• Task description
Line by line, restate the material word for word, omitting any image.

• Material provided
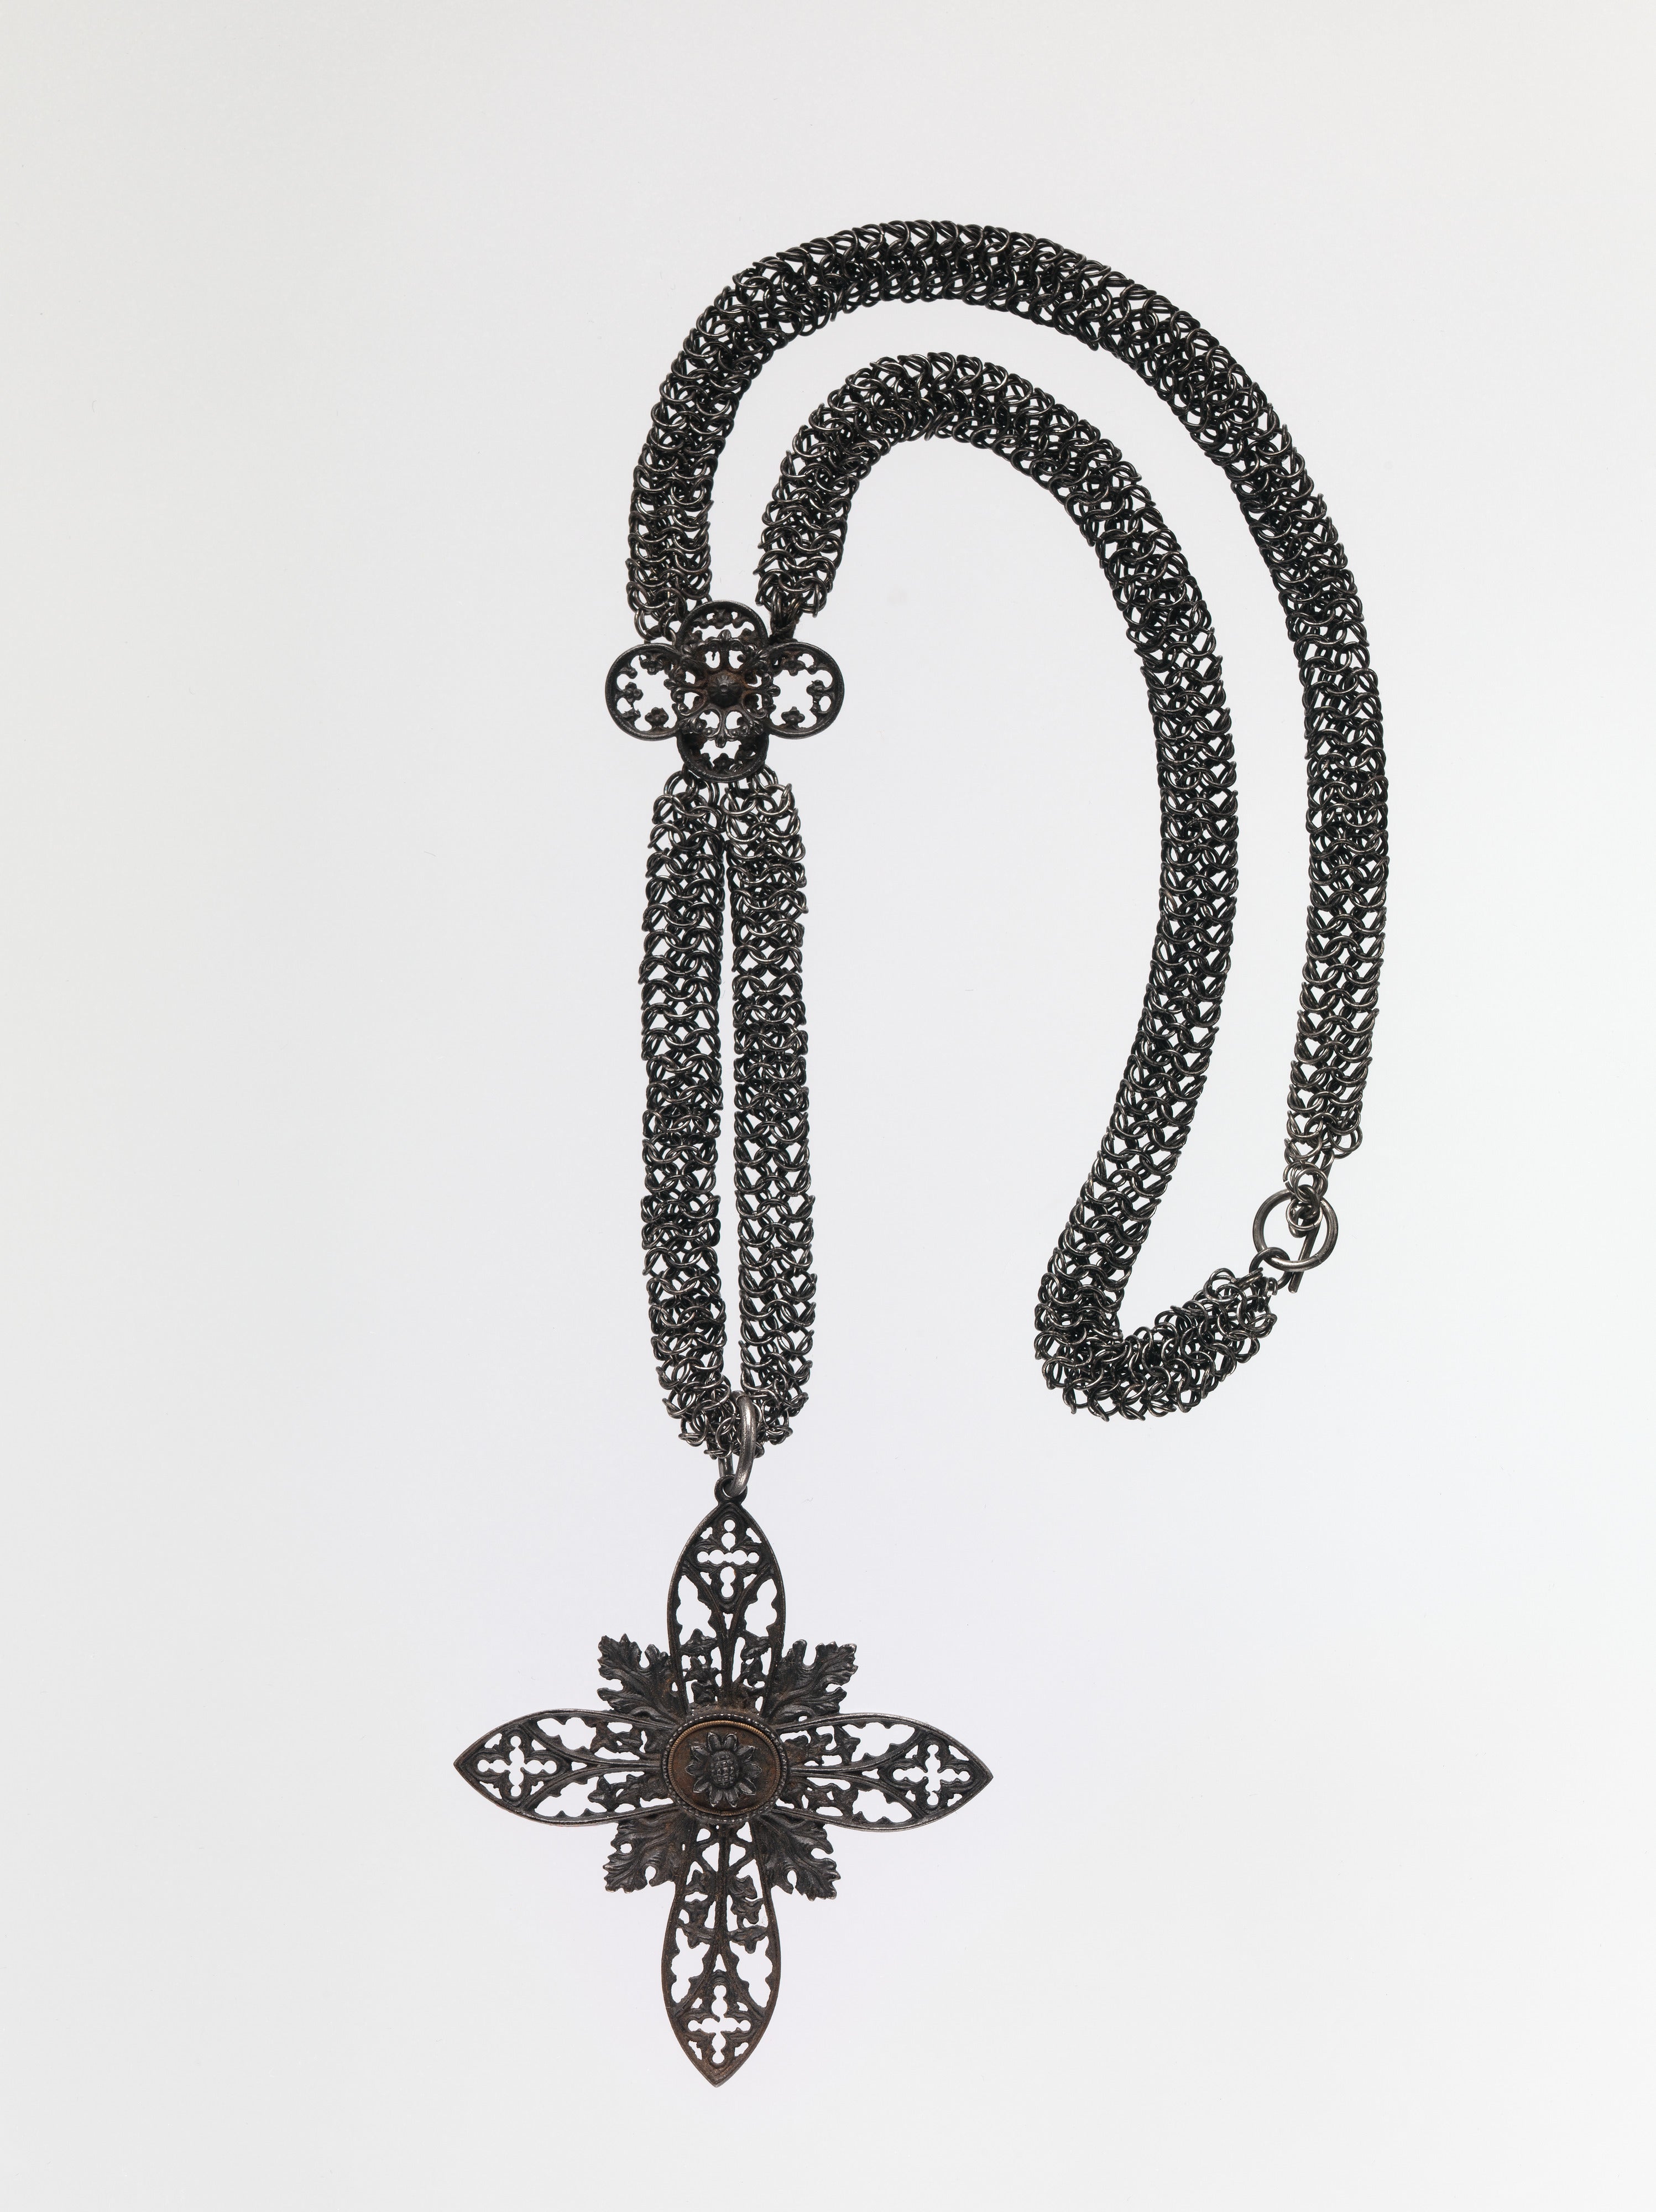 Berlin ironwork necklace with cross pendant
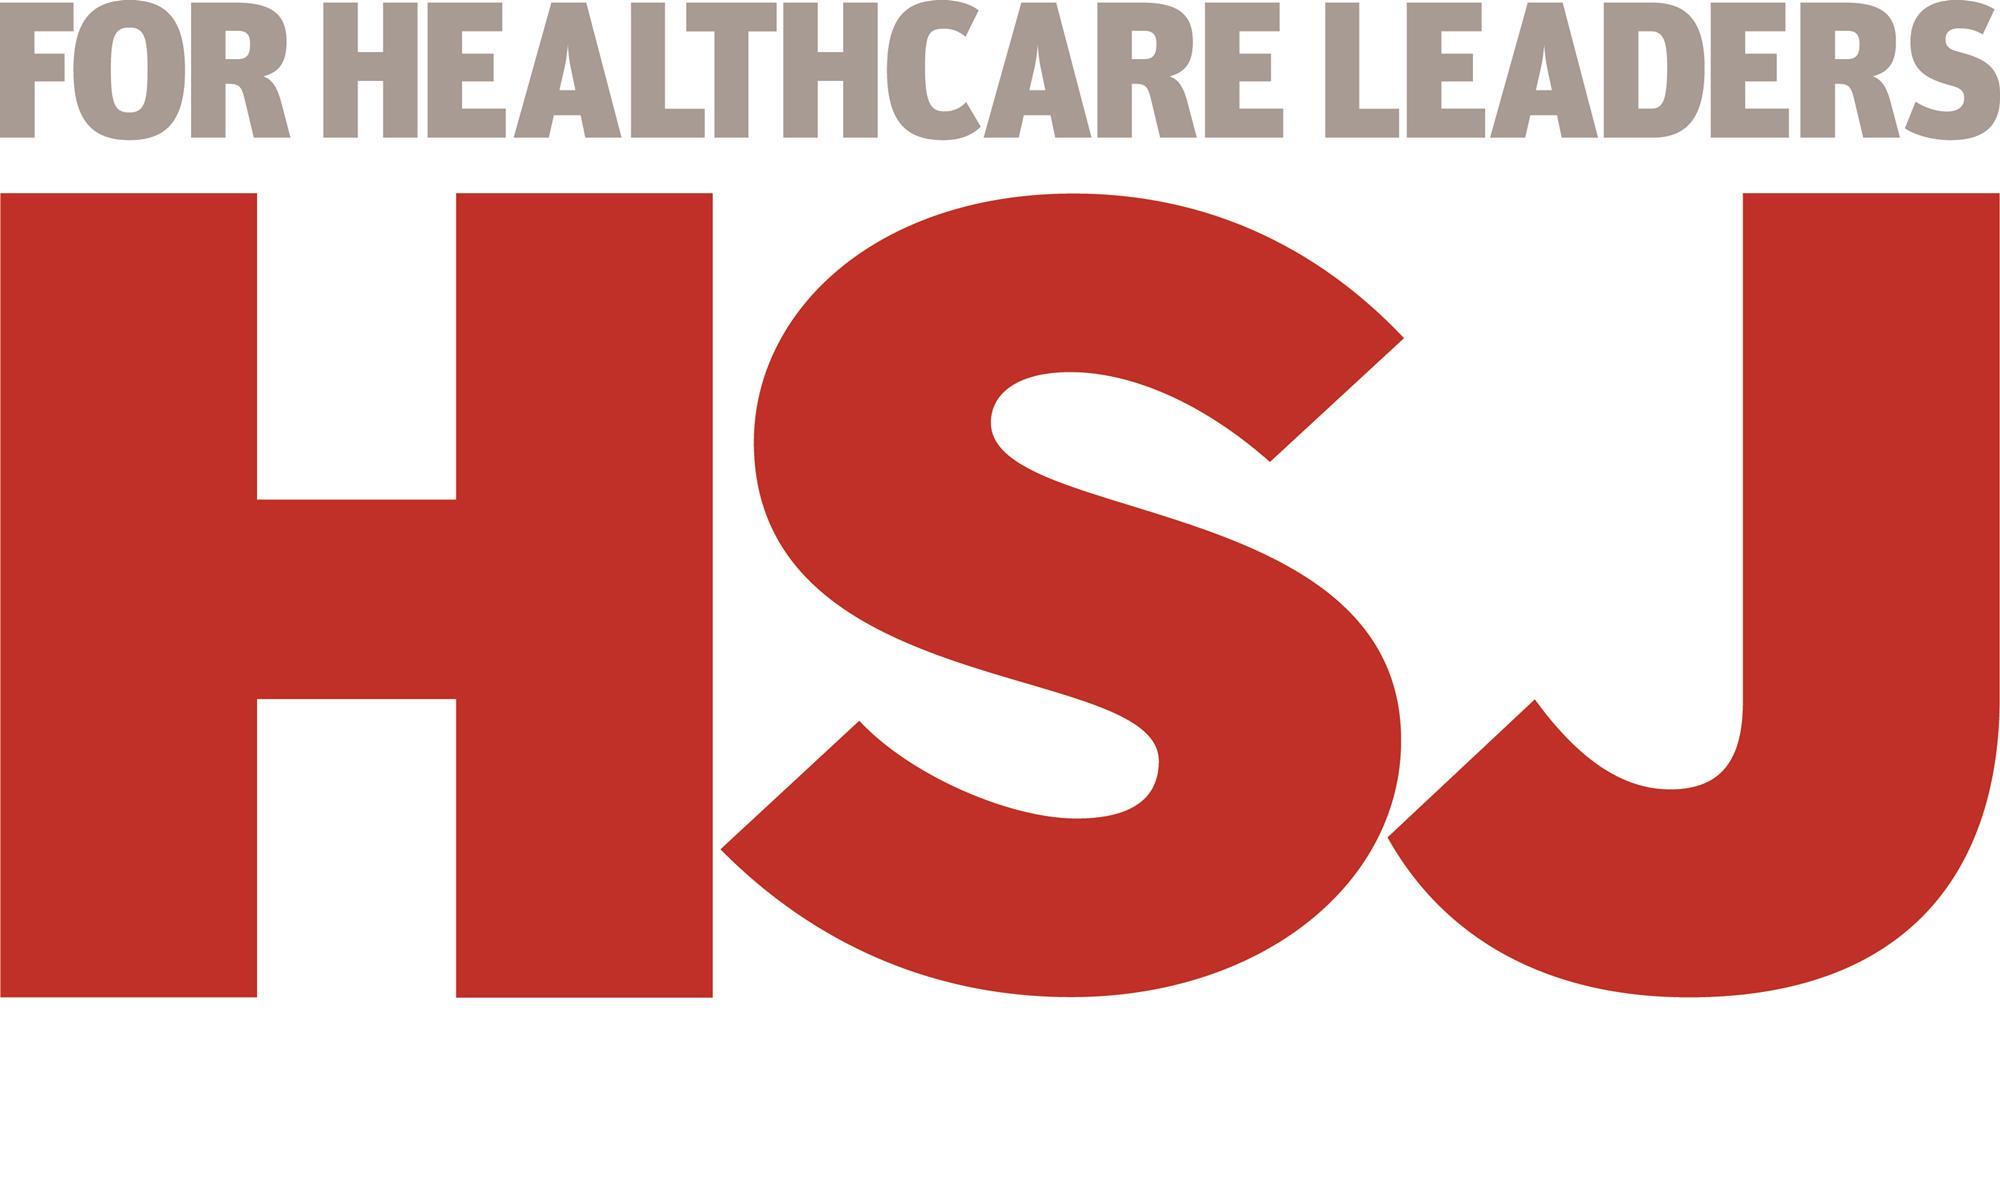 HSJ Logo
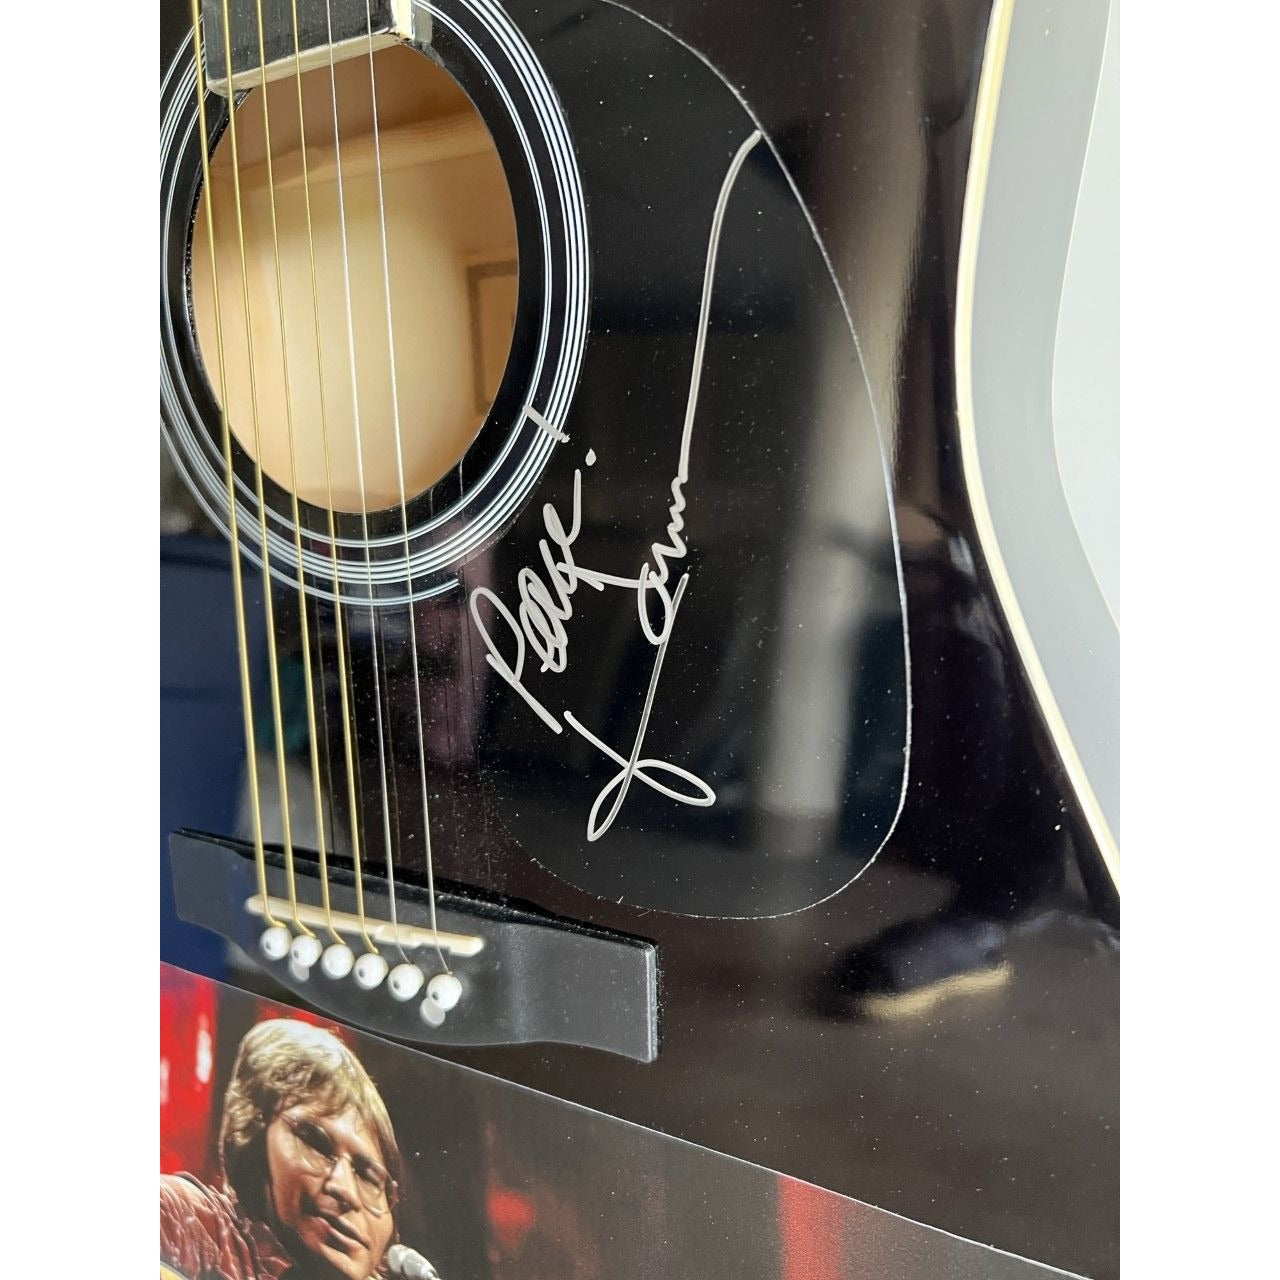 John Denver full size acoustic guitar signed with proof

• The answer
 Berlin ironwork necklace with cross pendant
 HSJ Logo
 John Denver full size acoustic guitar signed with proof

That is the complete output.